Bug 190340

Summary: I2O oops in all FC5 and FC4 >2.6.14 kernels
Product: [Fedora] Fedora Reporter: Need Real Name <wendell>
Component: kernelAssignee: Kernel Maintainer List <kernel-maint>
Status: CLOSED DUPLICATE QA Contact: Brian Brock <bbrock>
Severity: medium Docs Contact:
Priority: medium    
Version: 5CC: meherenow, wtogami
Target Milestone: ---   
Target Release: ---   
Hardware: i386   
OS: Linux   
Whiteboard:
Fixed In Version: Doc Type: Bug Fix
Doc Text:
Story Points: ---
Clone Of: Environment:
Last Closed: 2006-09-03 17:40:46 UTC Type: ---
Regression: --- Mount Type: ---
Documentation: --- CRM:
Verified Versions: Category: ---
oVirt Team: --- RHEL 7.3 requirements from Atomic Host:
Cloudforms Team: --- Target Upstream Version:
Embargoed:

Description Need Real Name 2006-05-01 13:23:56 UTC
Description of problem: There appears to be a bug with the I2O drivers affecting
all release kernels in FC5 and FC4 updated kernels at least >2.6.14


Version-Release number of selected component (if applicable): For FC5 the kernel
on the install CD is affected. For FC4 at least 2.6.16-1.2096 is. 2.6.14-1.1656
appears stable, I have a heavily used box running it and I2O that's been up 96
days currently.


How reproducible: Just cause lots of disk I/O. Quick way to crash the box is
thi: for i in `seq 1 90`; do echo $i; dd if=/dev/zero of=/data/junk.$i
count=250000 bs=4096 1>/dev/null 2>&1; done


Steps to Reproduce:
1. Lots of I/O, see above
2.
3.
  
Actual results: From an ssh connection I see this:
[root@localhost ~]# !for
for i in `seq 1 90`; do echo $i; dd if=/dev/zero of=/data/junk.$i count=250000
bs=4096 1>/dev/null 2>&1; done
1
2
3
4
5

Message from syslogd@localhost at Mon May  1 08:45:22 2006 ...
localhost kernel: ------------[ cut here ]------------

On the console I get a few screens worth of messages followed by a countdown of
"continuing in 120" which counts down to 0 but never does anything after that.


Expected results:


Additional info: Looking through dmesg output I see messages about PCI and a
suggestion to use "pci=routeirq" as a boot-time kernel parameter. I'm testing
that now and so far that looping dd has made it further than usual on
2.6.16-1.2096SMP kernel. 2.6.11 and 2.6.14 appear to be able to complete it
indefinitely, or at least as long as disk space holds out.
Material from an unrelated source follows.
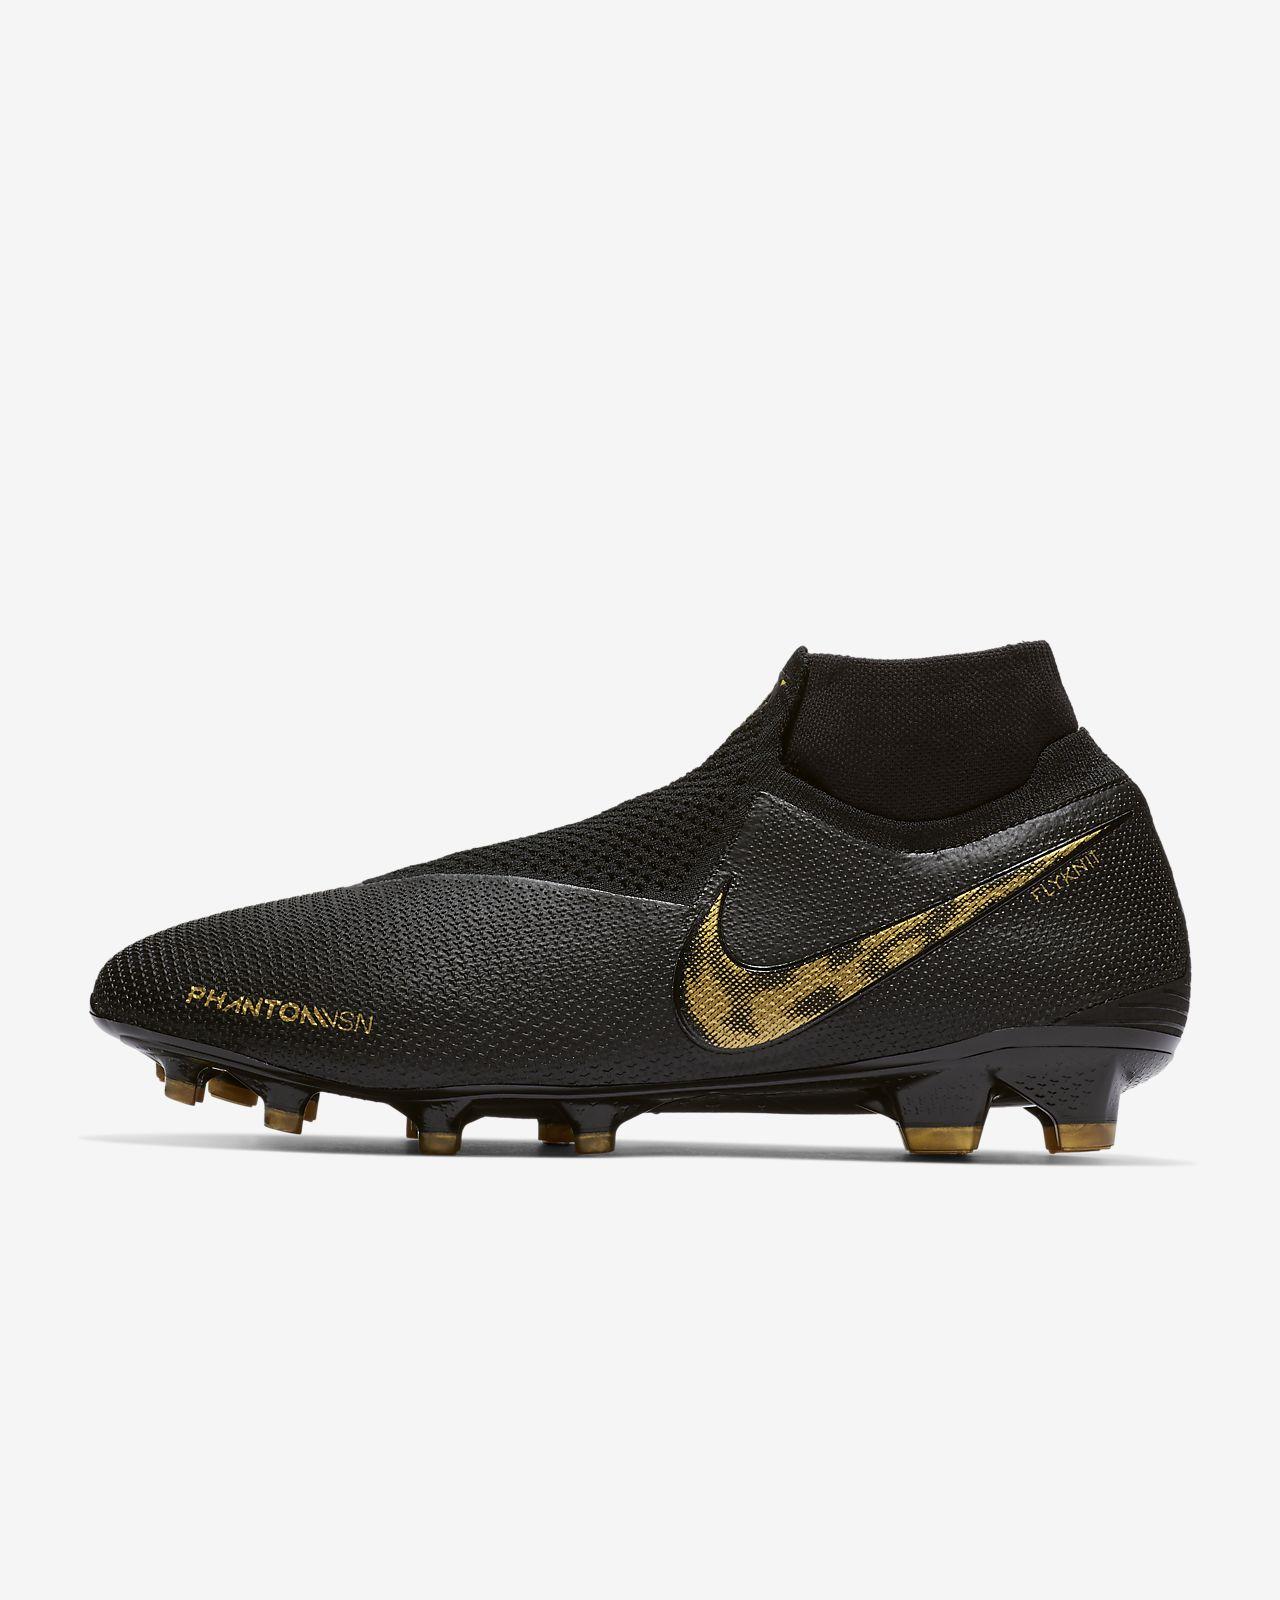 c24565e1e Nike Phantom Vision Elite Dynamic Fit FG Firm-Ground Football Boot ...
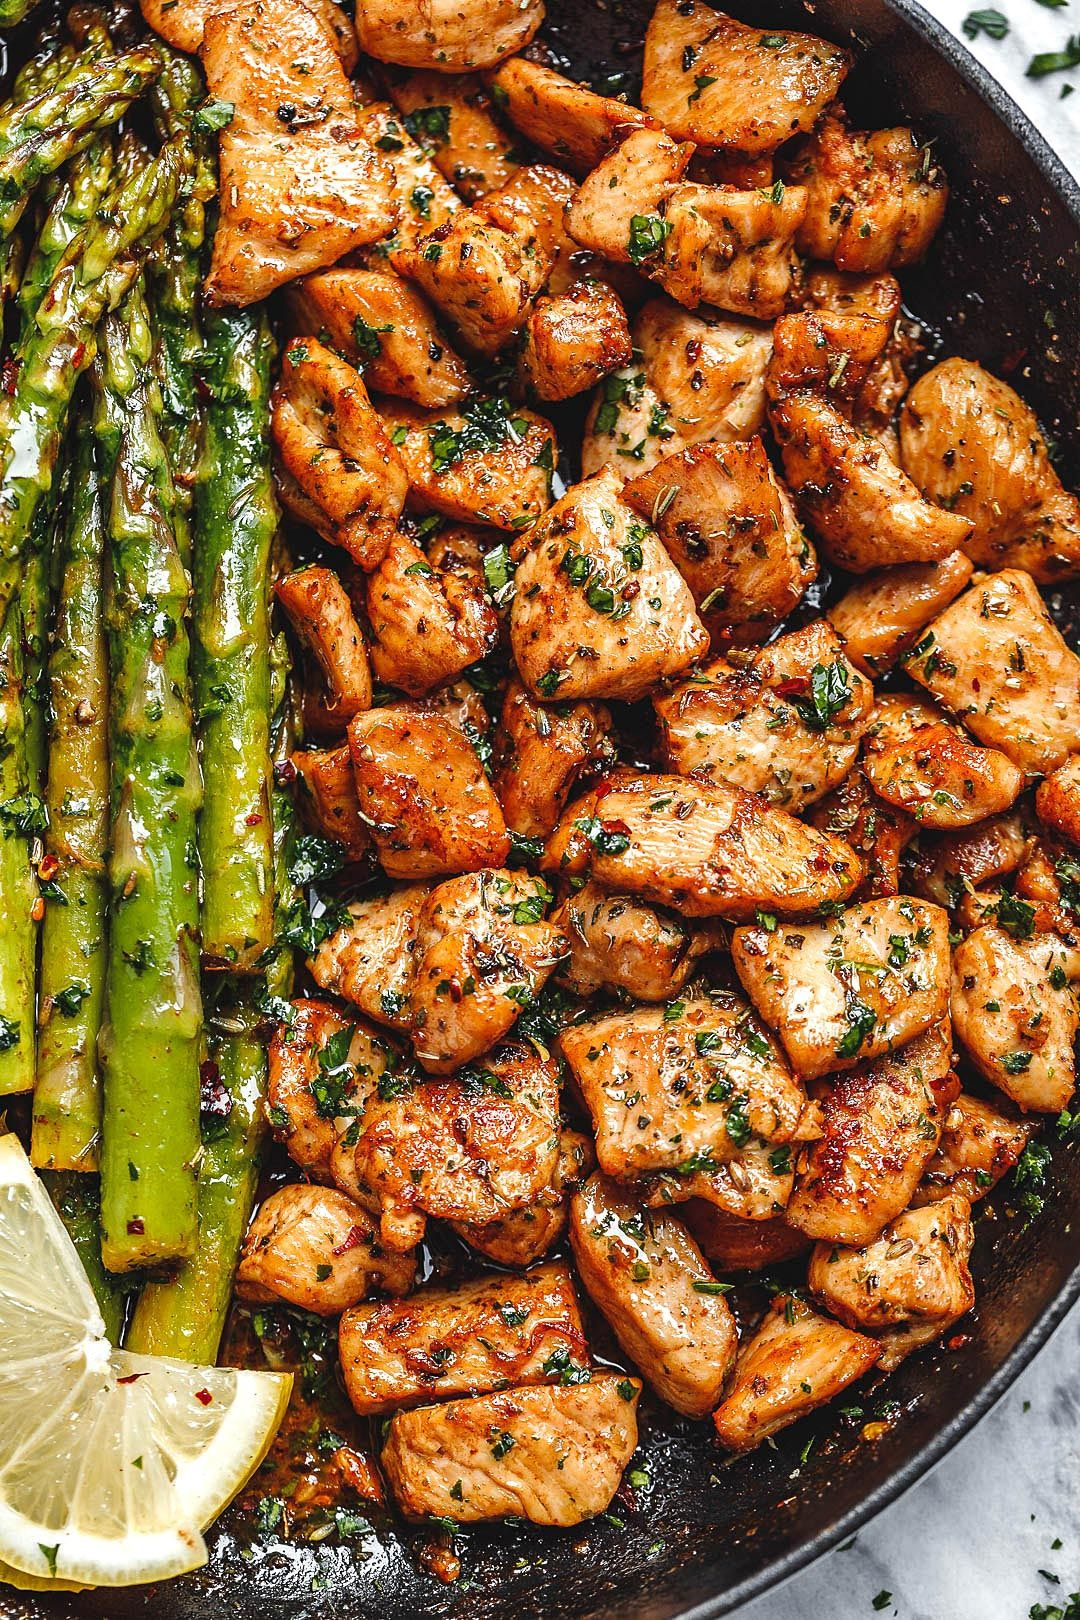 Garlic Butter Chicken Bites and Asparagus Recipe –

I'm not sure if this is a "bug" or the "routeirq" thing is common. I only report
it because a few boxes I had with FC4 and I2O drivers started crashing like
crazy after a kernel upgrade (via yum). I also tried an in-place upgrade to FC5
which was disasterous since the stock kernel with it has the problem. I've not
tried that yet with pci=routeirq on the CD boot line. Also the line in dmesg
suggests trying pci=routeirq and also to report the results if it's beneficial.

Hardware: SuperMicro 7043M-6 and other similar boxes with Adaptec 2000S and
similar hardware RAID cards.

If any log files or additional info might be helpful, let me know...

Comment 1 Need Real Name 2006-05-01 16:52:48 UTC
Without "pci=routeirq" the "dd" test above would complete only about 5
iterations before locking up. With that boot string it completed 88 before
locking up.

Comment 2 Dave 2006-05-08 21:03:40 UTC
I think this is probably a duplicate of my bug...

https://bugzilla.redhat.com/bugzilla/show_bug.cgi?id=189570

Please let me know if you can mirror my testing...

Comment 3 Need Real Name 2006-05-08 21:10:38 UTC
Yes, appears to be a dupe. I searched and searched and of course found nothing
even close to this before filing the report, ah well...

Comment 4 Dave Russell 2006-09-03 17:40:46 UTC

*** This bug has been marked as a duplicate of 189570 ***